Prove $$R(k,l) < R(k-1, l) + R(k, l-1)$$ when $R(k-1,l)$ and $R(k,l-1)$ are even. I have not made much progress as I don't really understand the intutiton as to why this would hold.
I understand why $R(k,l) \leq R(k-1, l) + R(k, l-1)$ this is true and the general inductive proof is clear to me.
When I start thinking about the strict less than, I know I want to show that for $K_n$ with $n=R(k-1, l) + R(k, l-1)-1$ is guaranteed to contain a monochromatic $K_k$ or $K_l$.

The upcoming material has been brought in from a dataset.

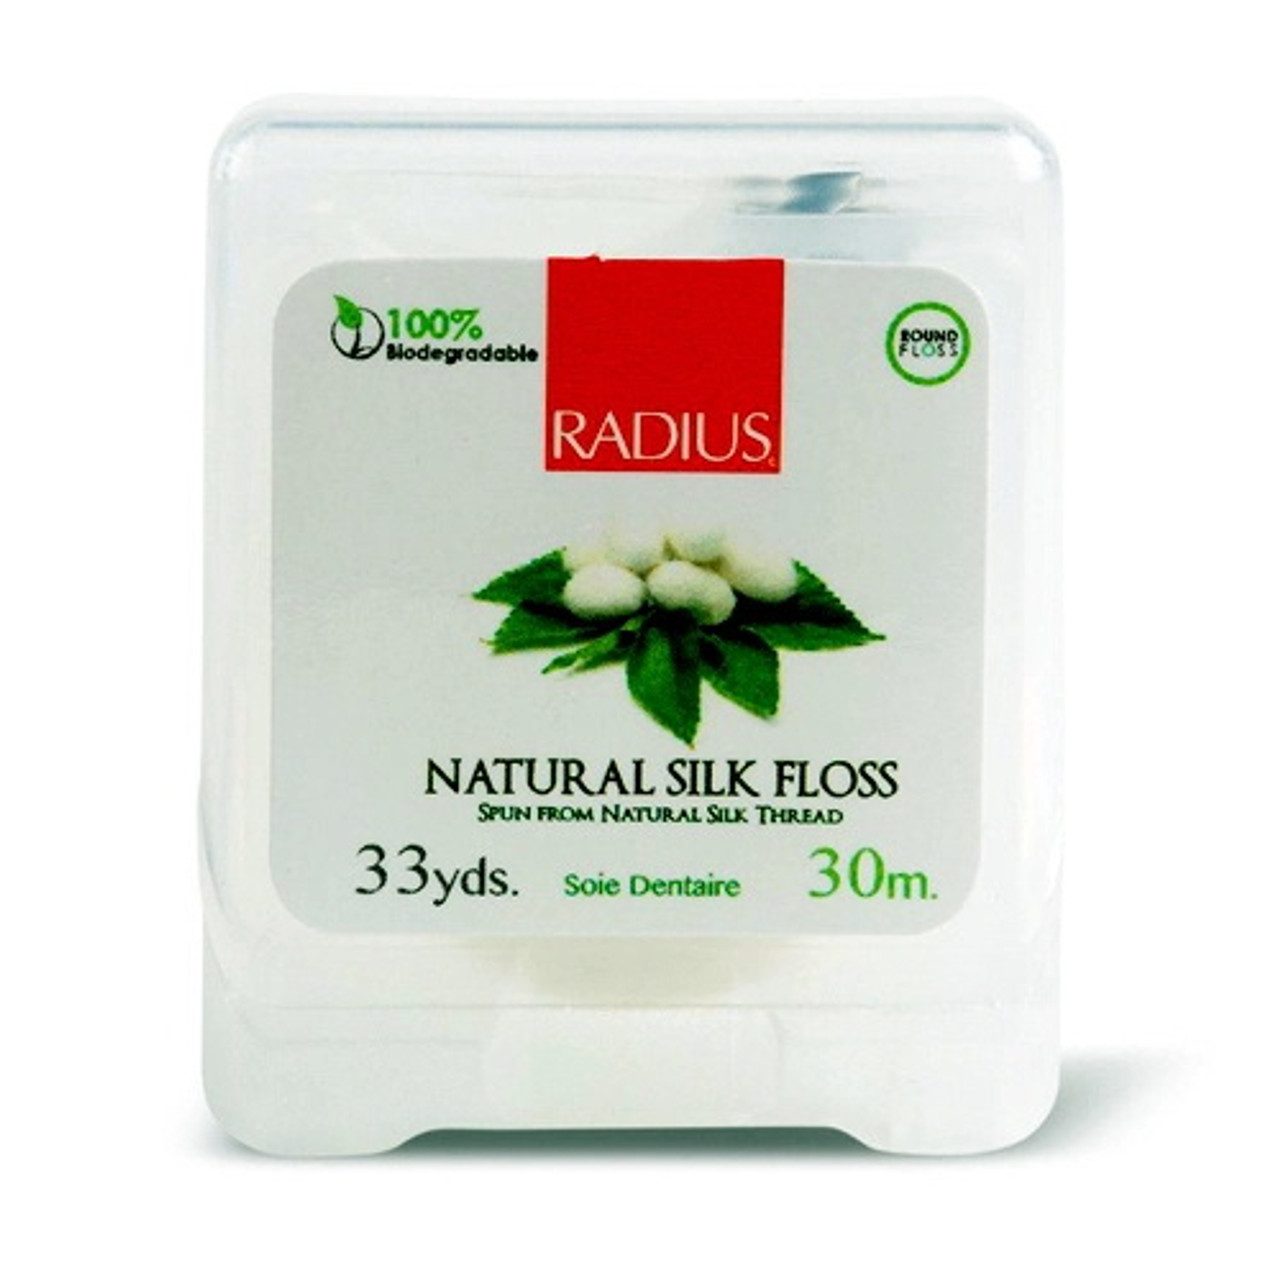 Natural Silk Floss, 100% Biodegradable 33 Yards -

Let $n=R(k-1,\ell)+R(k,\ell-1)-1.$ Suppose each edge of $K_n$ is colored blue or red, with no monochromatic blue $K_k$ and no monochromatic red $K_\ell.$
From the proof of the inequality $R(k,\ell)\le R(k-1,\ell)+R(k,\ell-1),$ it follows that each vertex of $K_n$ must be incident with exactly $R(k-1,\ell)-1$ blue edges and exactly $R(k,\ell-1)-1$ red edges.
In other words, the spanning subgraph of $K_n$ formed by the blue edges is an
$(R(k-1,\ell)-1)$-regular graph of order $n.$ But $n$ and $R(k-1,\ell)-1$ are odd numbers.